Coleman Hughes' New Blasphemies
For Free Black Thought and Root Quarterly, FAIR in the Arts Fellow Heather Shayne Blakeslee interviews and profiles FAIR Advisor Coleman Hughes regarding his views on philosophy, music, reparations, police, and the phenomenon of “acting white.”
For the progressive left, Hughes’ blasphemies are many. He has testified in front of Congress against reparations for his generation of black Americans, and can patiently explain why he’s not afraid of being shot by cops. He has roundly criticized the work of other black intellectuals such as Ta-Nehisi Coates, author of the seminal essay “The Case for Reparations” and the bestselling book Between the World and Me (which I have gifted to at least one girlfriend and to my parents). Hughes has also thrown down the gauntlet to How to Be an Antiracist author Ibram X. Kendi in an open letter challenging him to a public debate, but the glove has been laying on the ground unanswered.1 Hughes’ satisfaction will have to come in the form of an audience that continues to grow and through amassing other accolades, such as being named a 30-under-30 of Americans to watch by Forbes magazine.
Forgiveness is Worth the Risk
For The Atlantic, David French discusses his wife Nancy’s Washington Post story about surviving sexual abuse, as well as the couple’s experiences being “Never Trump conservatives” who “rejected Donald Trump early in the presidential campaign cycle.” French goes on to note the importance of forgiveness, and the fact that “we can give second chances, and when we do, we can sometimes see that an enemy isn’t an enemy at all.”
The Beginning of the End of 'Gender-Affirming Care'?
For FAIR Advisor Bari Weiss’ Substack Common Sense, Lisa Selin Davis writes that “Britain’s National Health Service announced that it was closing down [the Gender and Identity Development Service at the Tavistock Clinic in London] for good—and, in effect, rebuking the common American medical approach known as ‘gender-affirming care’ for treating children with gender dysphoria.” Davis goes on to wonder how America, along with the World Professional Association of Transgender Health (WPATH) will respond given these recent changes elsewhere in the West.
WPATH’s position is in keeping with an array of U.S. medical associations and activist groups across the country that insist gender-affirming care is “life-saving.” Assistant Secretary of Health Rachel Levine, who is herself a transgender woman, recently asserted that there is a medical consensus as to its benefits. Some activists and gender clinicians in the U.S. feel that WPATH doesn’t go far enough, asserting that any child who wants puberty blockers should get them, for instance, or claiming that a teenager who later regrets having her breasts removed can just get new ones.
In Sweden and Finland, this issue has been primarily a question of health and medicine. Here in the U.S. it is a political football.
The Corruption of Apology
For Persuasion, Stephanos Bibas writes about how “apology was once a cornerstone of our everyday moral practice, helping us to make amends and reconcile with those whom we have wronged. Its value lay in its sincerity, not in any precise formulation.” However, Bibas writes, “today’s public practice of scripted apologies looks very different. These days, universities and corporations compel robotic confessions from students and employees who give offense just to avoid a lawsuit or bad PR. They want to save their skins by stifling scandal. But Twitter mobs are not sated by performative groveling or even sincere apologies.”
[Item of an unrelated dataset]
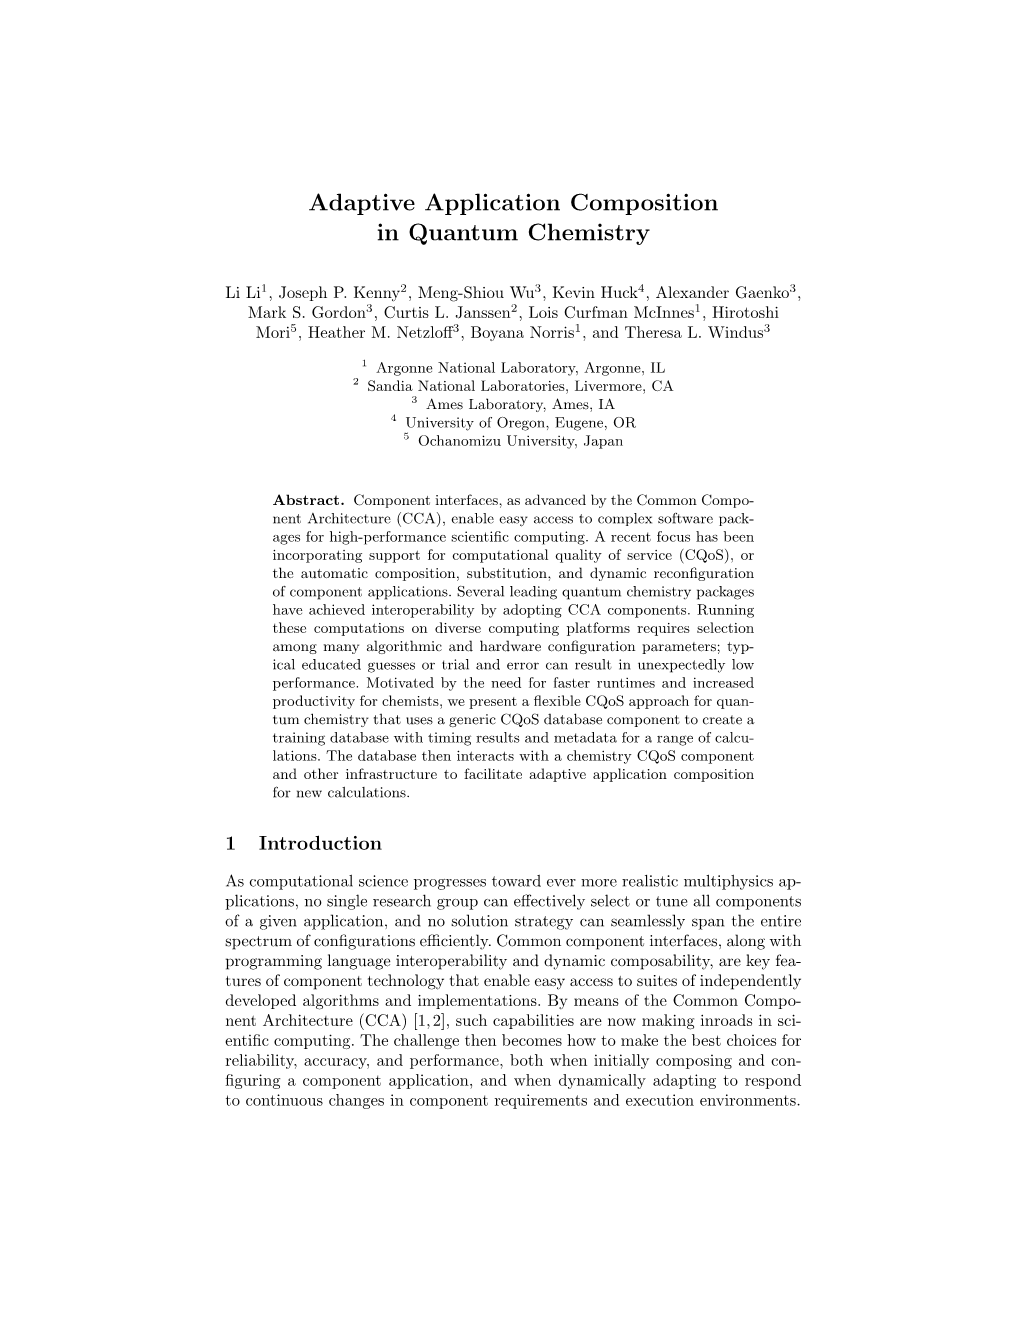 Adaptive Application Composition in Quantum Chemistry
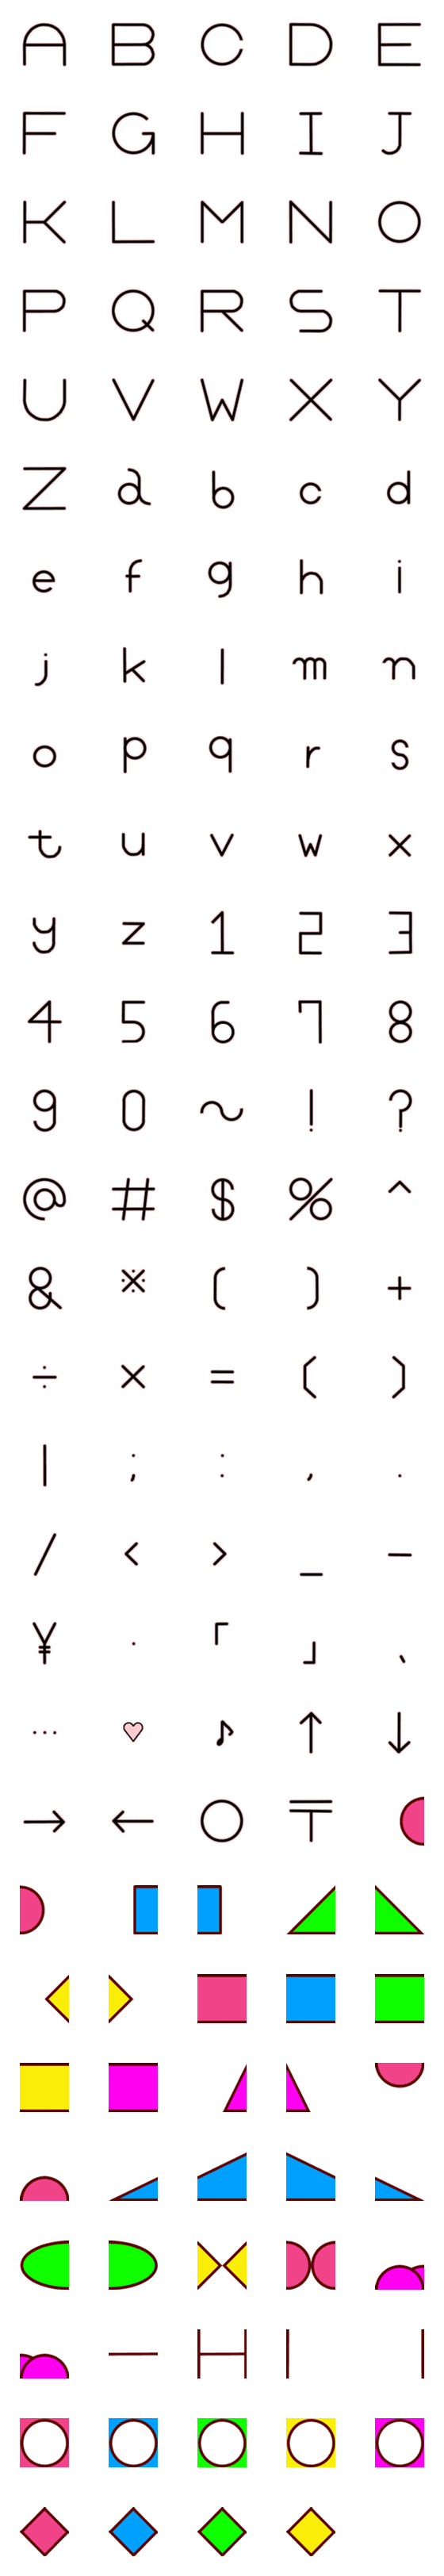 [LINE絵文字]シオンのくらしの画像一覧

We all depend on apologies and forgiveness to go on living with one another. Husbands and wives admit their faults and patch up their differences. Kids on playgrounds say they’re sorry and then get back to recess. Coworkers talk through misunderstandings. As Hannah Arendt argued in The Human Condition, we wrong one another every day, and we learn to forgive constantly so that we can start afresh. The alternative is trapping ourselves in endless cycles of vengeance.